“As for you I bid you God speed. Be bold but logical, speculative but cautious, daringly courageous, but properly circumspect withal,” etc., etc.
I think this may do for the present.
CHAPTER LV
I had called on Ernest as a matter of course when he first came to London, but had not seen him. I had been out when he returned my call, so that he had been in town for some weeks before I actually saw him, which I did not very long after he had taken possession of his new rooms. I liked his face, but except for the common bond of music, in respect of which our tastes were singularly alike, I should hardly have known how to get on with him. To do him justice he did not air any of his schemes to me until I had drawn him out concerning them. I, to borrow the words of Ernest’s landlady, Mrs Jupp, “am not a very regular church-goer”—I discovered upon cross-examination that Mrs Jupp had been to church once when she was churched for her son Tom some five and twenty years since, but never either before or afterwards; not even, I fear, to be married, for though she called herself “Mrs” she wore no wedding ring, and spoke of the person who should have been Mr Jupp as “my poor dear boy’s father,” not as “my husband.” But to return. I was vexed at Ernest’s having been ordained. I was not ordained myself and I did not like my friends to be ordained, nor did I like having to be on my best behaviour and to look as if butter would not melt in my mouth, and all for a boy whom I remembered when he knew yesterday and to-morrow and Tuesday, but not a day of the week more—not even Sunday itself—and when he said he did not like the kitten because it had pins in its toes.

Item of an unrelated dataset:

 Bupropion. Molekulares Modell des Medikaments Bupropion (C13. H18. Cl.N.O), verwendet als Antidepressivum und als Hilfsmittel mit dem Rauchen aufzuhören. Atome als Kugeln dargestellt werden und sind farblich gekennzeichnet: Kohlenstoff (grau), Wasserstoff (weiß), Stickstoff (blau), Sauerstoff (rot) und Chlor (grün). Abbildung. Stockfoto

I looked at him and thought of his aunt Alethea, and how fast the money she had left him was accumulating; and it was all to go to this young man, who would use it probably in the very last ways with which Miss Pontifex would have sympathised. I was annoyed. “She always said,” I thought to myself, “that she should make a mess of it, but I did not think she would have made as great a mess of it as this.” Then I thought that perhaps if his aunt had lived he would not have been like this.
Ernest behaved quite nicely to me and I own that the fault was mine if the conversation drew towards dangerous subjects. I was the aggressor, presuming I suppose upon my age and long acquaintance with him, as giving me a right to make myself unpleasant in a quiet way.

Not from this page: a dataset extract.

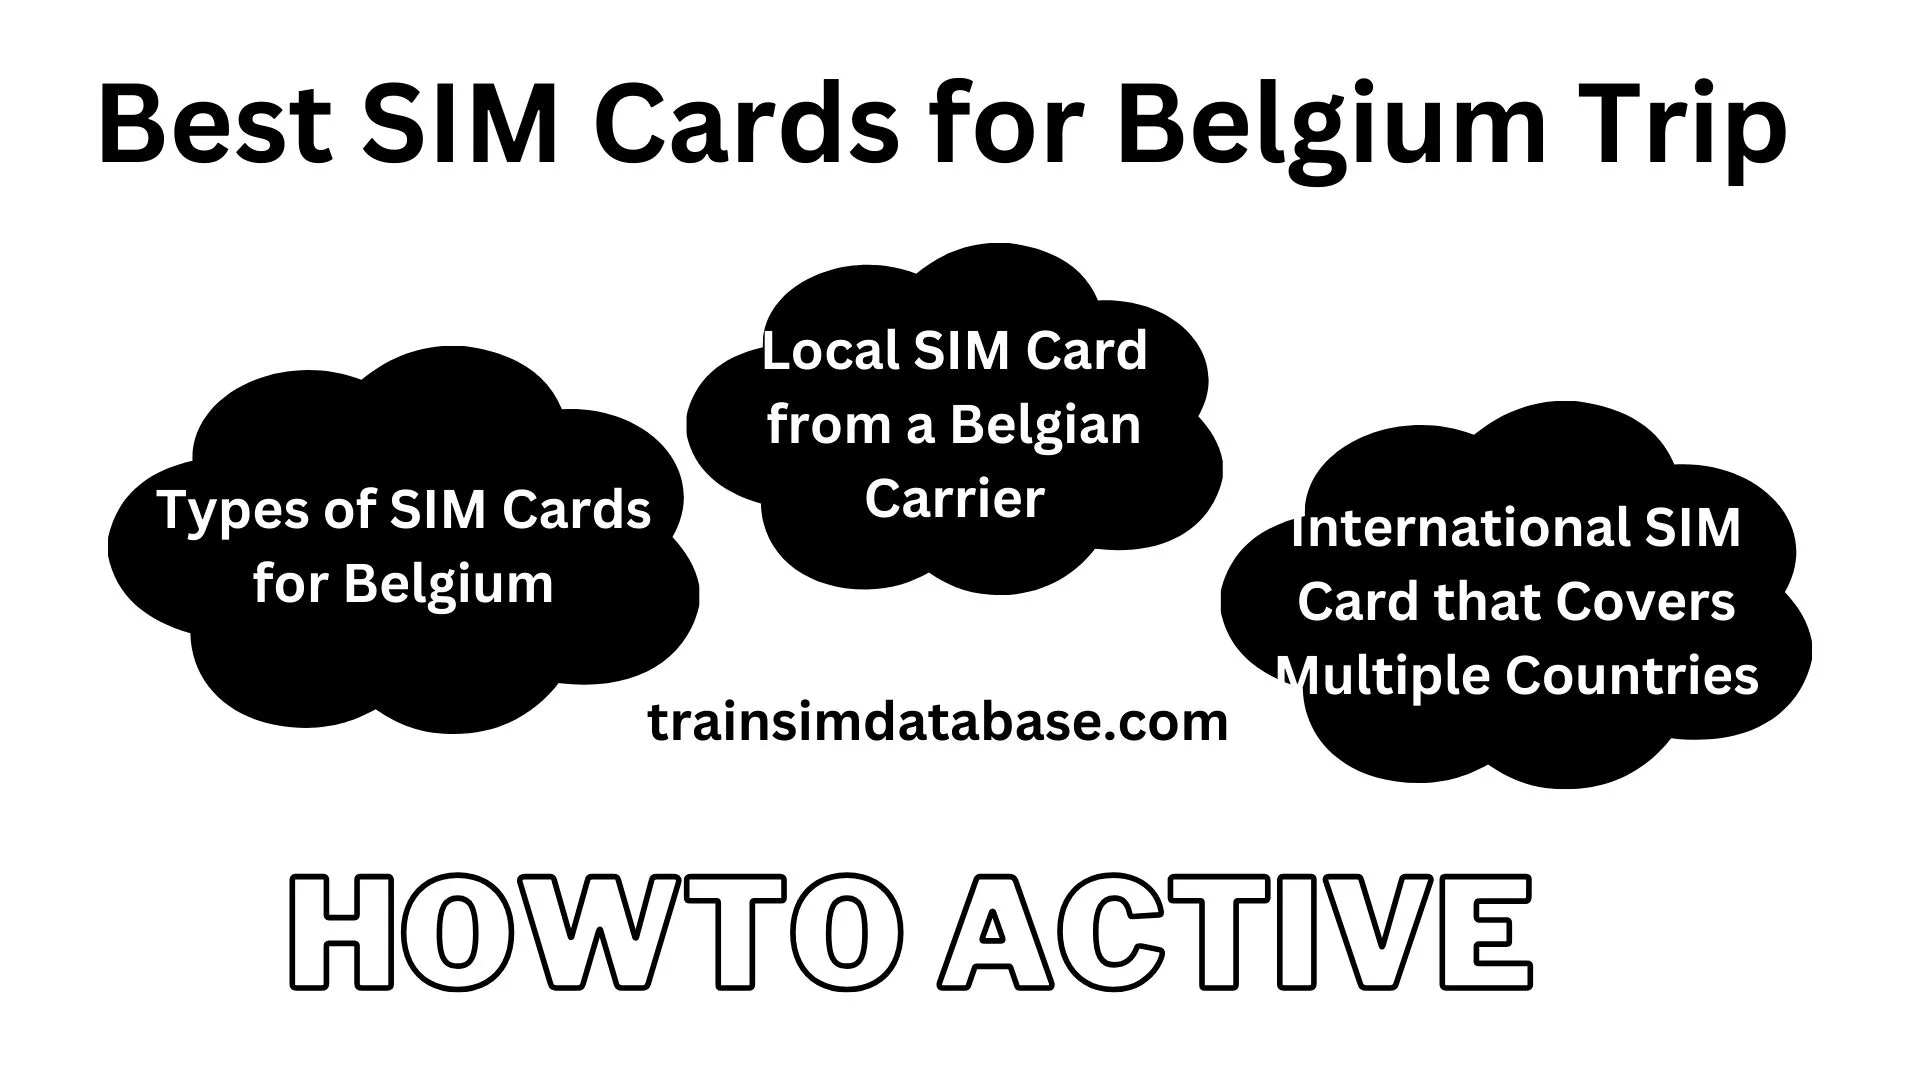 Best SIM Cards for Belgium Trip

Then he came out, and the exasperating part of it was that up to a certain point he was so very right. Grant him his premises and his conclusions were sound enough, nor could I, seeing that he was already ordained, join issue with him about his premises as I should certainly have done if I had had a chance of doing so before he had taken orders. The result was that I had to beat a retreat and went away not in the best of humours. I believe the truth was that I liked Ernest, and was vexed at his being a clergyman, and at a clergyman having so much money coming to him.